▶ **Goal of the exercise**
Your copy of the data should match it exactly, except that the pictures are gone.

▶ **Data provided**
______________________________

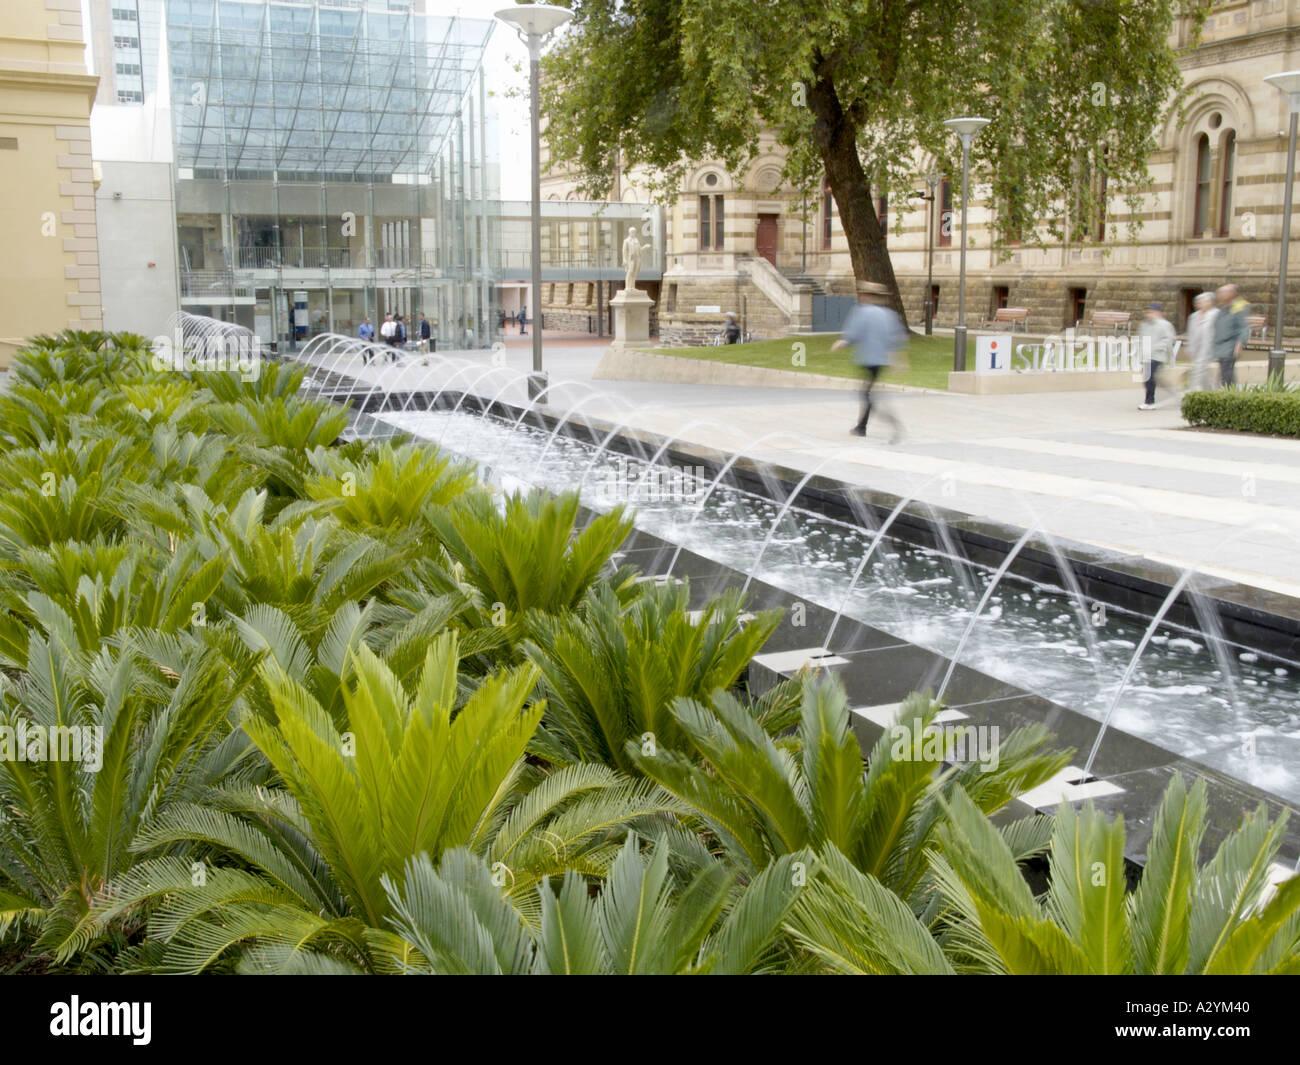 Giardini Moderni Immagini : Funzione di acqua in giardini moderni sulla terrazza nord
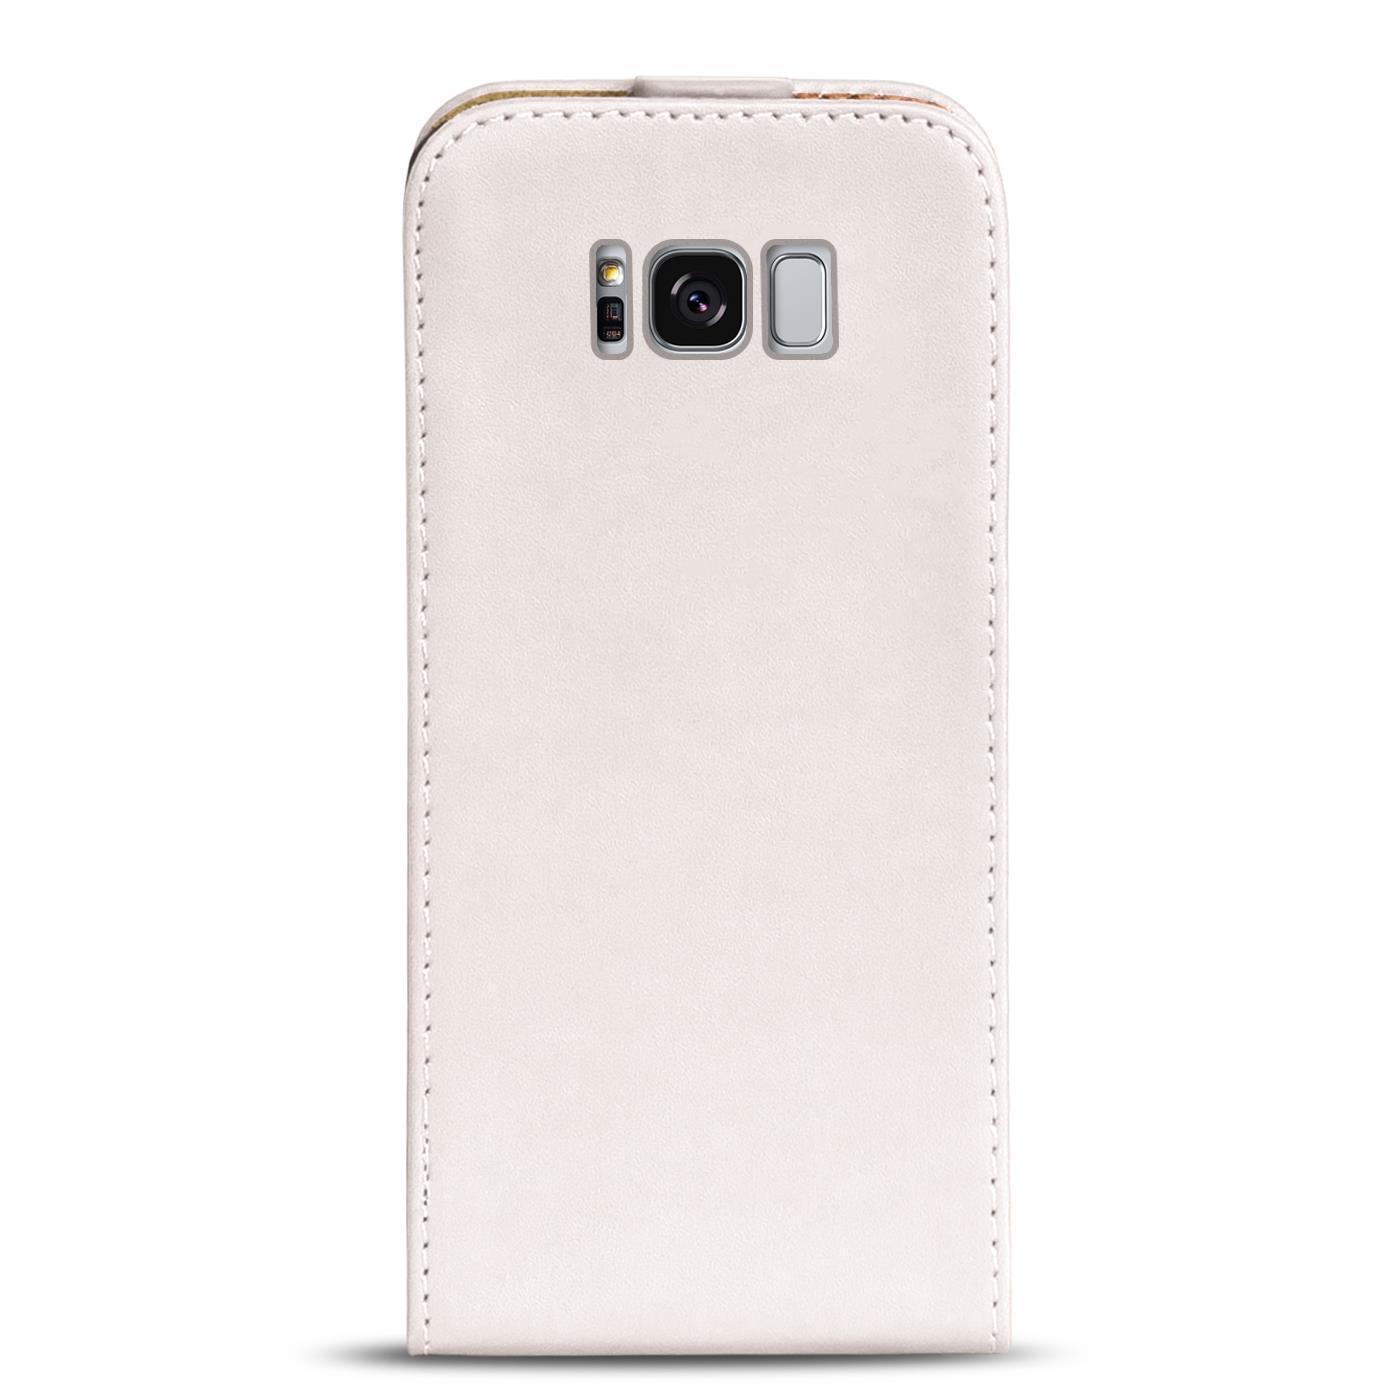 Klapphuelle-Samsung-Galaxy-Flip-Case-Tasche-Schutzhuelle-Cover-Schutz-Handy-Huelle Indexbild 33
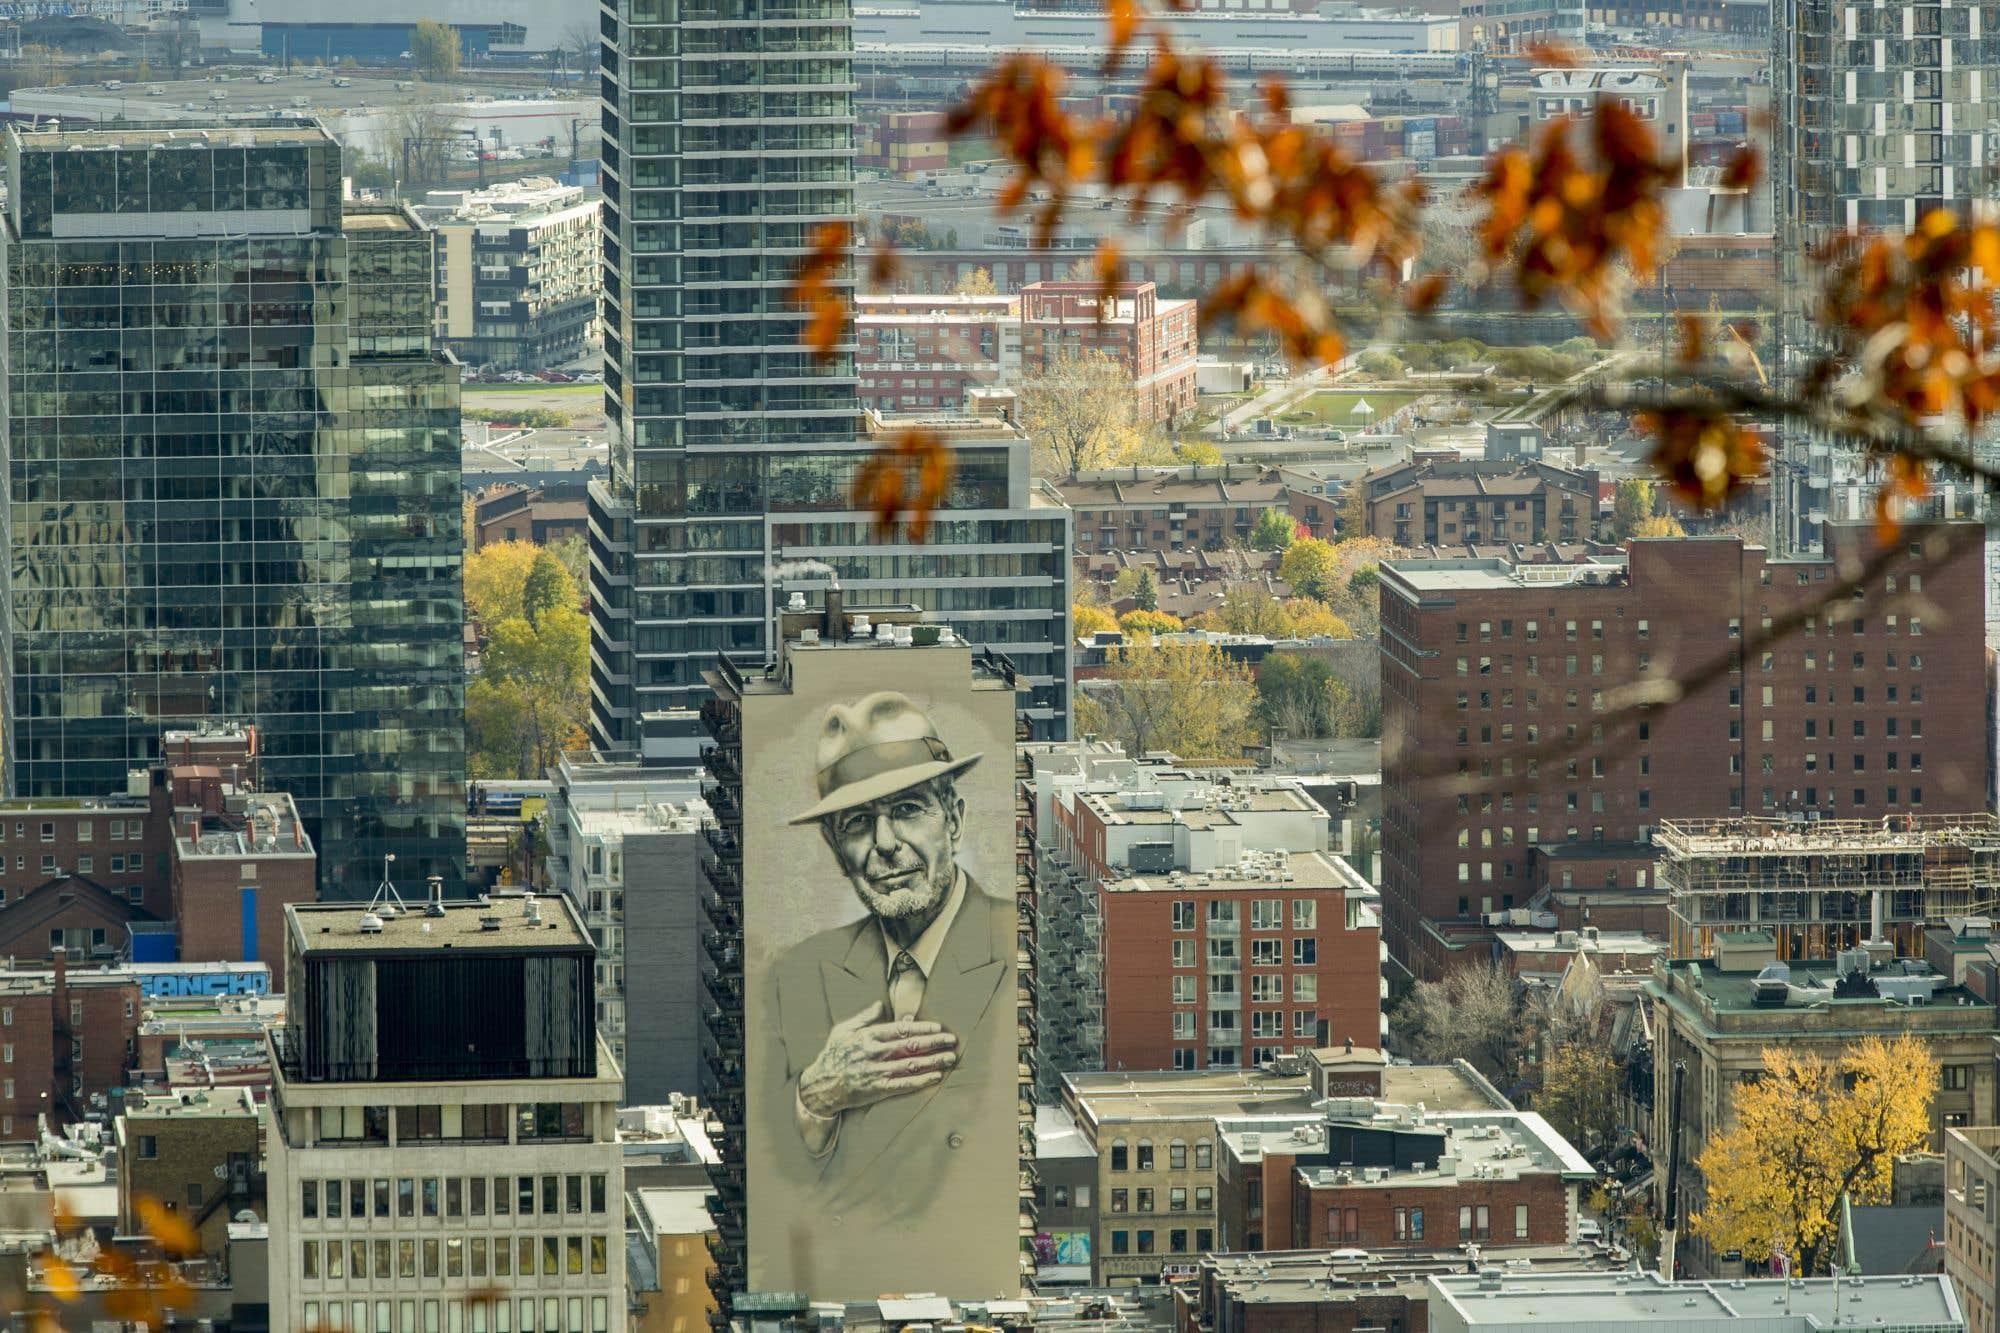 L'image de Leonard Cohen, décédé le 7 novembre 2016, scrute désormais Montréal du haut de la murale de 10 000 pieds carrés qu'un duo d'artistes, El Mac et Gene Pendon, accompagné de treize autres, parrainés par l'organisme Mu, a peinte à sa mémoire.

______________________________

▶ **Problem solution**
 Giardini Moderni Immagini : Funzione di acqua in giardini moderni sulla terrazza nord
 Klapphuelle-Samsung-Galaxy-Flip-Case-Tasche-Schutzhuelle-Cover-Schutz-Handy-Huelle Indexbild 33
 L'image de Leonard Cohen, décédé le 7 novembre 2016, scrute désormais Montréal du haut de la murale de 10 000 pieds carrés qu'un duo d'artistes, El Mac et Gene Pendon, accompagné de treize autres, parrainés par l'organisme Mu, a peinte à sa mémoire.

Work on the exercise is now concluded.